TMEM258 Is a Component of the Oligosaccharyltransferase Complex Controlling ER Stress and Intestinal Inflammation
- Cell Rep. 2016 Dec 13;17(11):2955-2965. doi: 10.1016/j.celrep.2016.11.042.
- 1. Broad Institute of MIT and Harvard, Cambridge, MA 02142, USA; Department of Medicine, Massachusetts General Hospital, Harvard Medical School, Boston, MA 02114, USA; Gastrointestinal Unit and Center for the Study of Inflammatory Bowel Disease, Massachusetts General Hospital, Harvard Medical School, Boston, MA 02114, USA. Electronic address: [email protected].
- 2. Broad Institute of MIT and Harvard, Cambridge, MA 02142, USA.
- 3. Department of Genetics, Genomics Coordination Center, University Medical Center Groningen, University Medical Center Groningen, 9713 EX Groningen, the Netherlands.
- 4. Center for Computational and Integrative Biology, Massachusetts General Hospital, Harvard Medical School, Boston, MA 02114, USA.
- 5. Gastrointestinal Unit and Center for the Study of Inflammatory Bowel Disease, Massachusetts General Hospital, Harvard Medical School, Boston, MA 02114, USA.
- 6. Pathology Department and Center for the Study of Inflammatory Bowel Disease, Massachusetts General Hospital, Harvard Medical School, Boston, MA 02114, USA.
- 7. Broad Institute of MIT and Harvard, Cambridge, MA 02142, USA; Analytic and Translational Genetics Unit, Massachusetts General Hospital, Boston, MA 02114, USA.
- 8. Broad Institute of MIT and Harvard, Cambridge, MA 02142, USA; Department of Medicine, Massachusetts General Hospital, Harvard Medical School, Boston, MA 02114, USA; Gastrointestinal Unit and Center for the Study of Inflammatory Bowel Disease, Massachusetts General Hospital, Harvard Medical School, Boston, MA 02114, USA; Center for Computational and Integrative Biology, Massachusetts General Hospital, Harvard Medical School, Boston, MA 02114, USA; Center for Microbiome Informatics and Therapeutics, Massachusetts Institute of Technology, Cambridge, MA 02139, USA. Electronic address: [email protected].
Significant insights into disease pathogenesis have been gleaned from population-level genetic studies; however, many loci associated with complex genetic disease contain numerous genes, and phenotypic associations cannot be assigned unequivocally.

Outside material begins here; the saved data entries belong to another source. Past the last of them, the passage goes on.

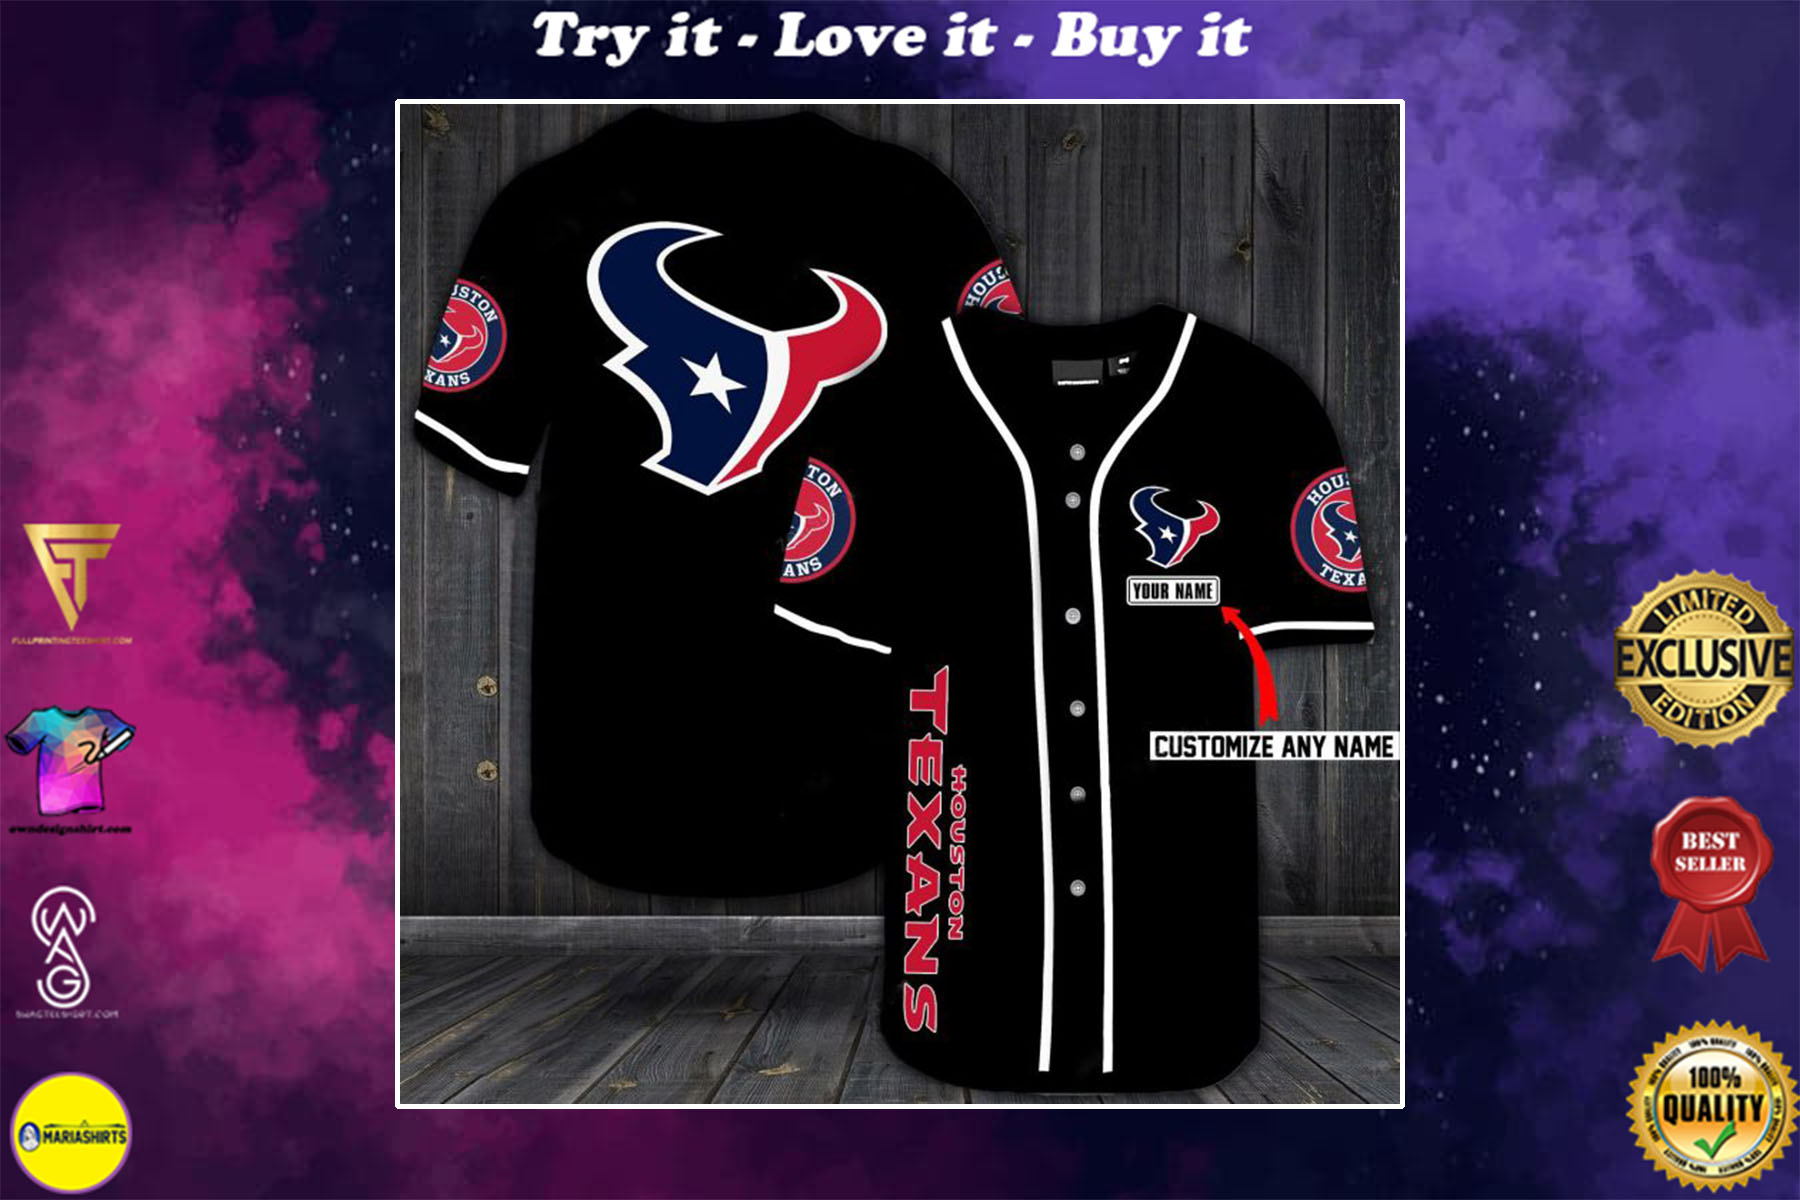 houston texans personalized jersey
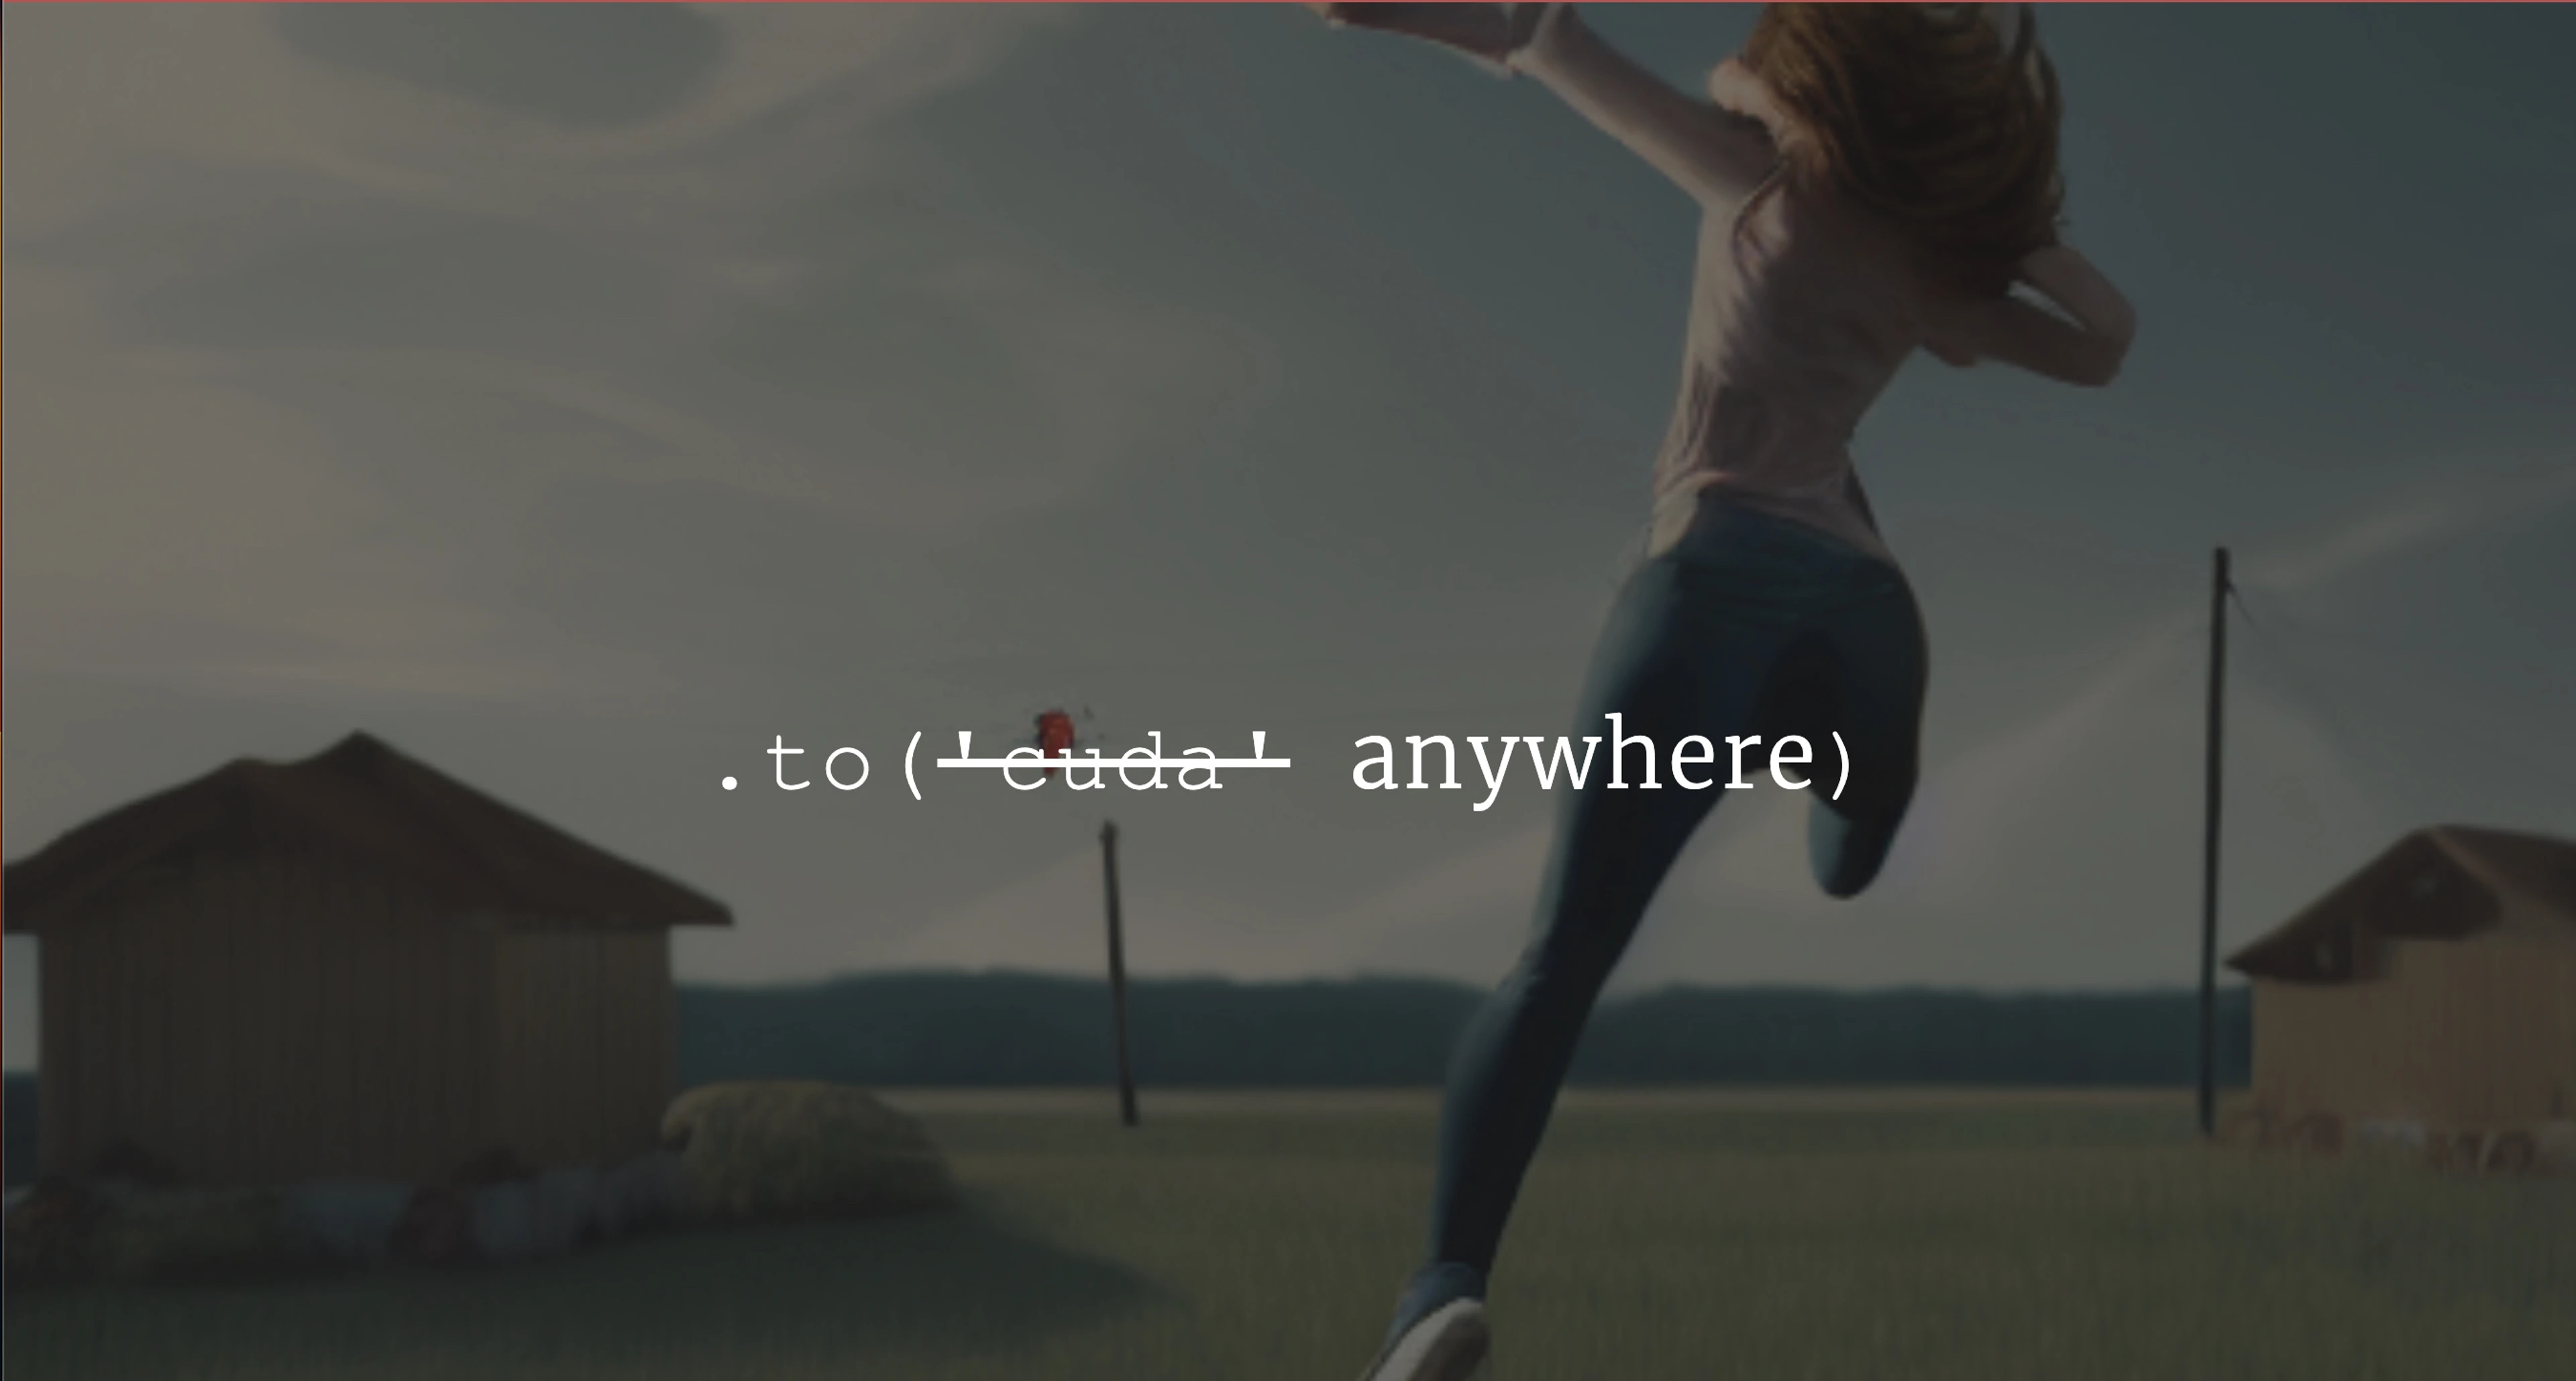 An image of a woman running in a field, overlayed by the text ".to('cuda')" with the word "cuda" crossed out and replaced with "anywhere"
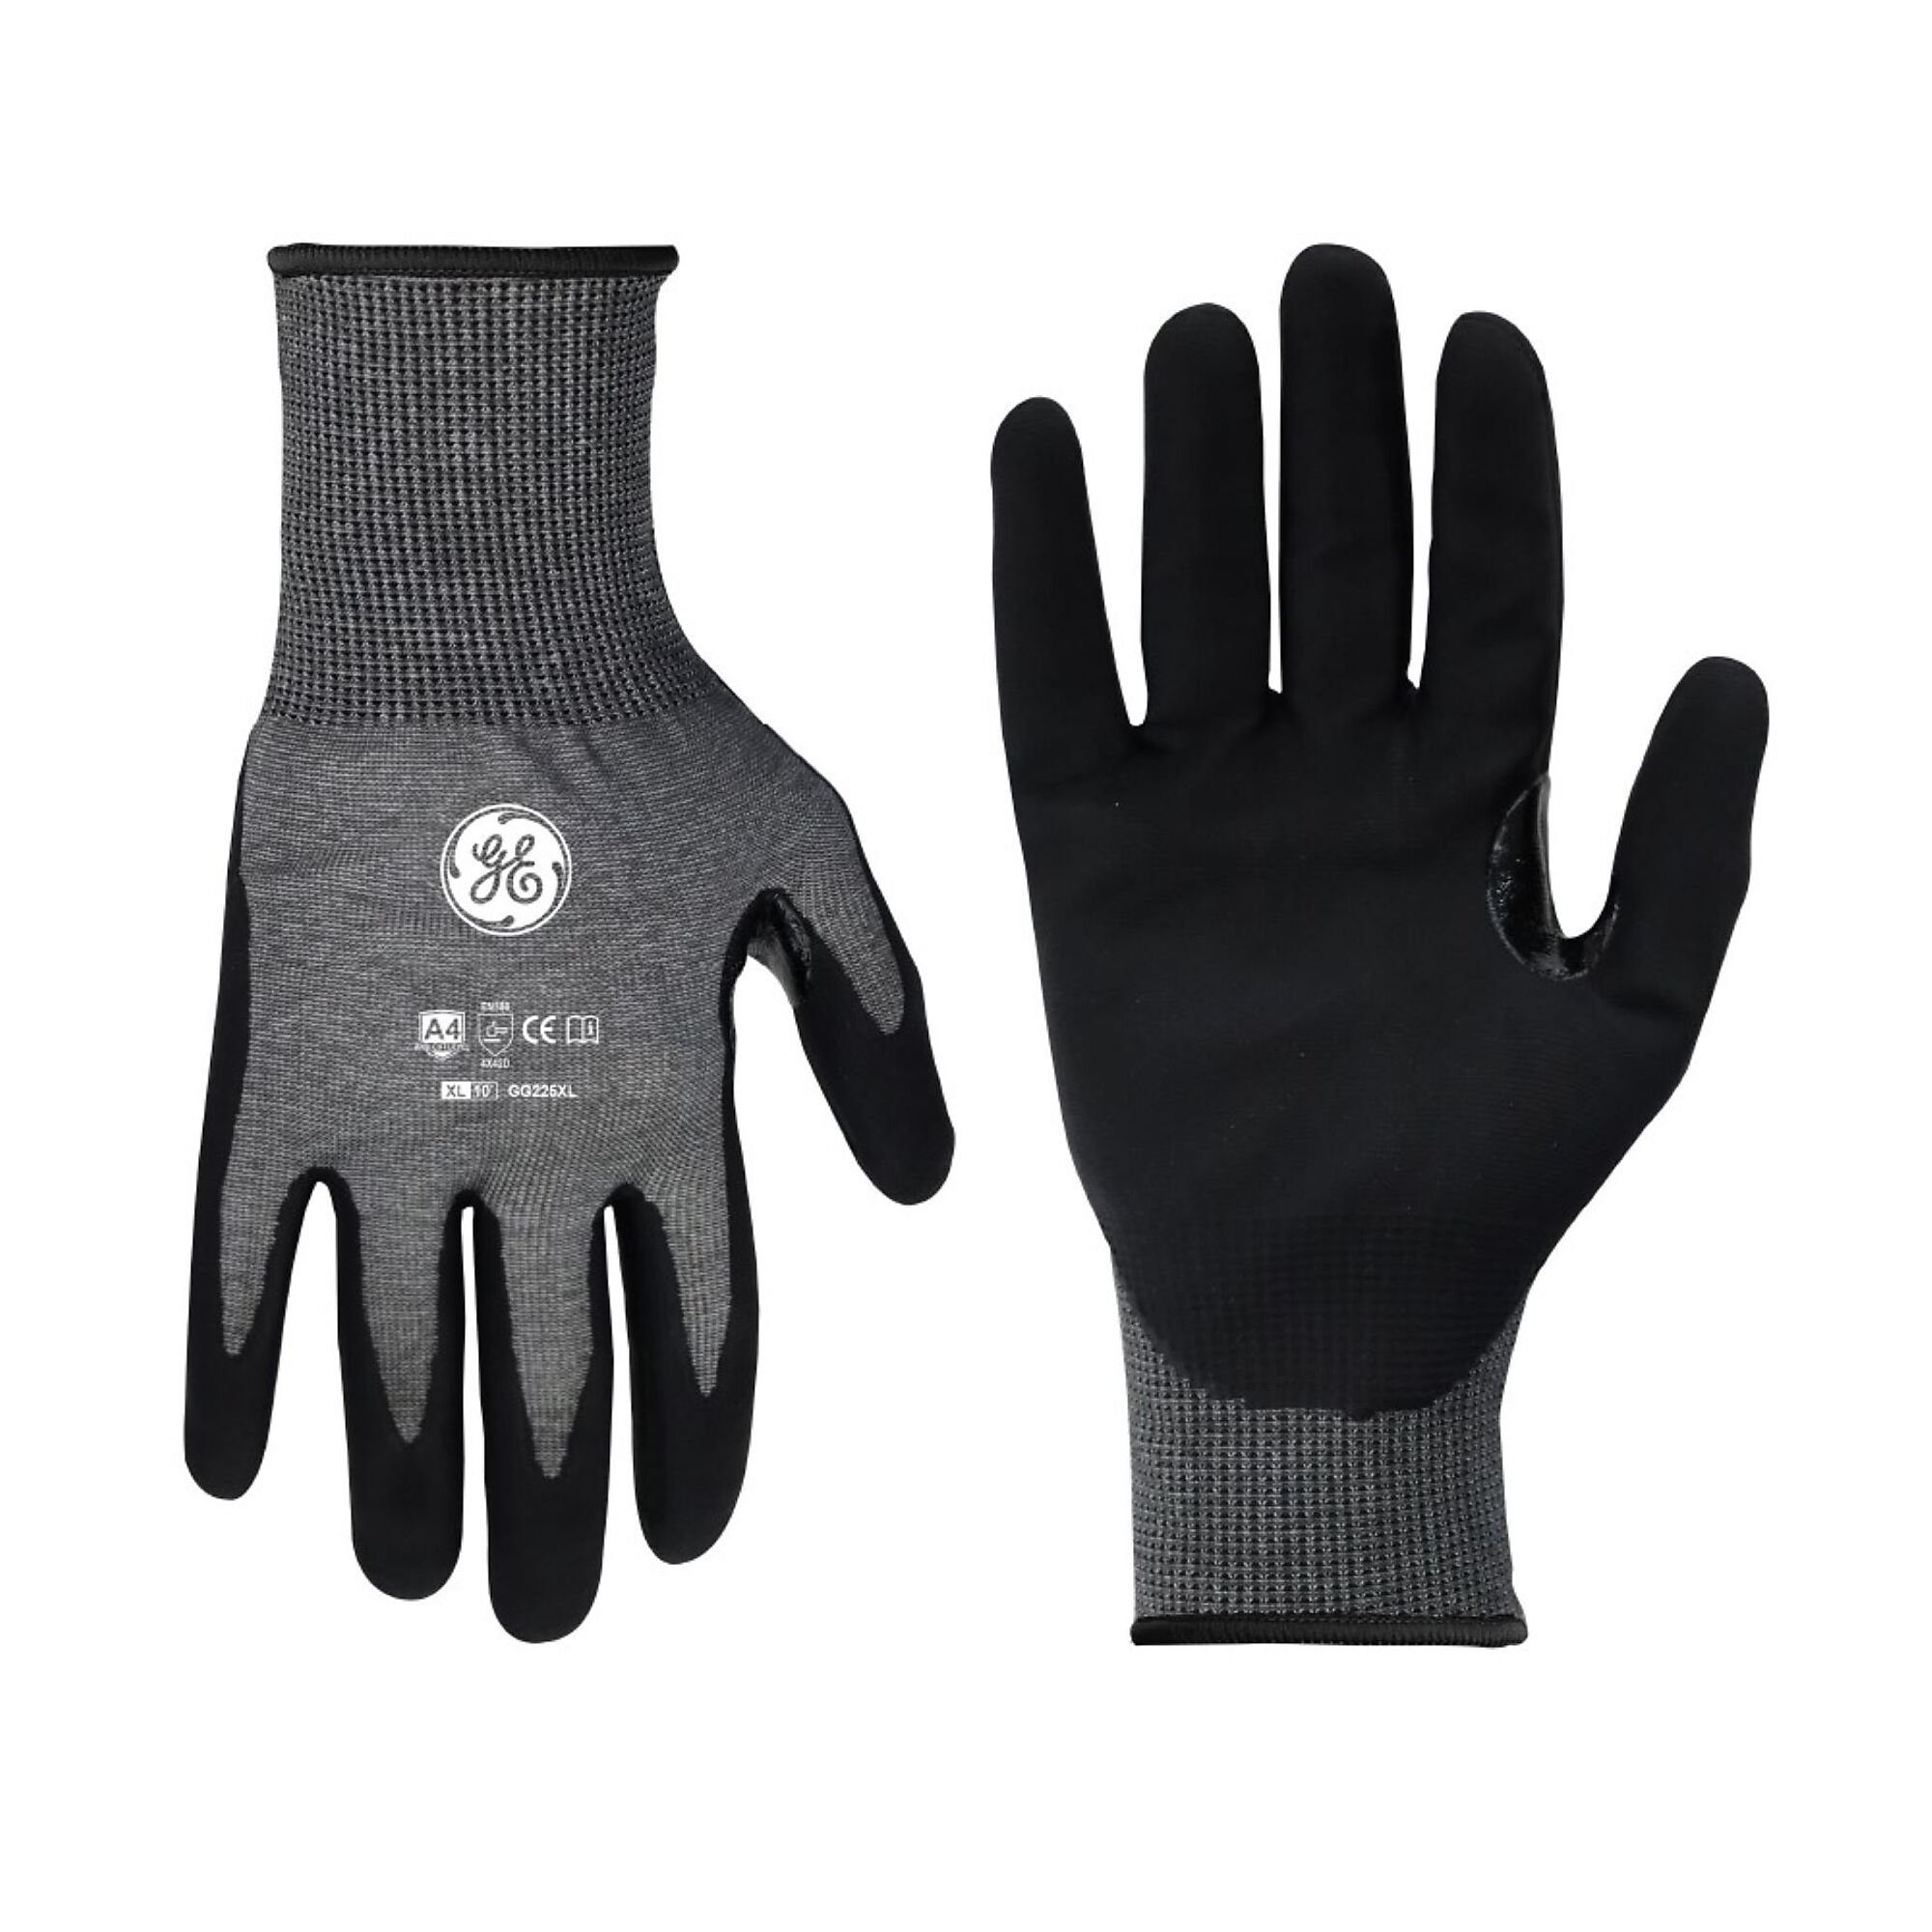 General Electric, Unisex Dipped Gloves Black/Blue XL 12 pair, Size XL, Included (qty.) 12, Model GG225XL

In particular, a gene-dense locus on chromosome 11 (61.5-61.65 Mb) has been associated with inflammatory bowel disease, rheumatoid arthritis, and coronary artery disease. Here, we identify TMEM258 within this locus as a central regulator of intestinal inflammation. Strikingly, Tmem258 haploinsufficient mice exhibit severe intestinal inflammation in a model of colitis. At the mechanistic level, we demonstrate that TMEM258 is a required component of the oligosaccharyltransferase complex and is essential for N-linked protein glycosylation. Consequently, homozygous deficiency of Tmem258 in colonic organoids results in unresolved endoplasmic reticulum (ER) stress culminating in Apoptosis. Collectively, our results demonstrate that TMEM258 is a central mediator of ER quality control and intestinal homeostasis.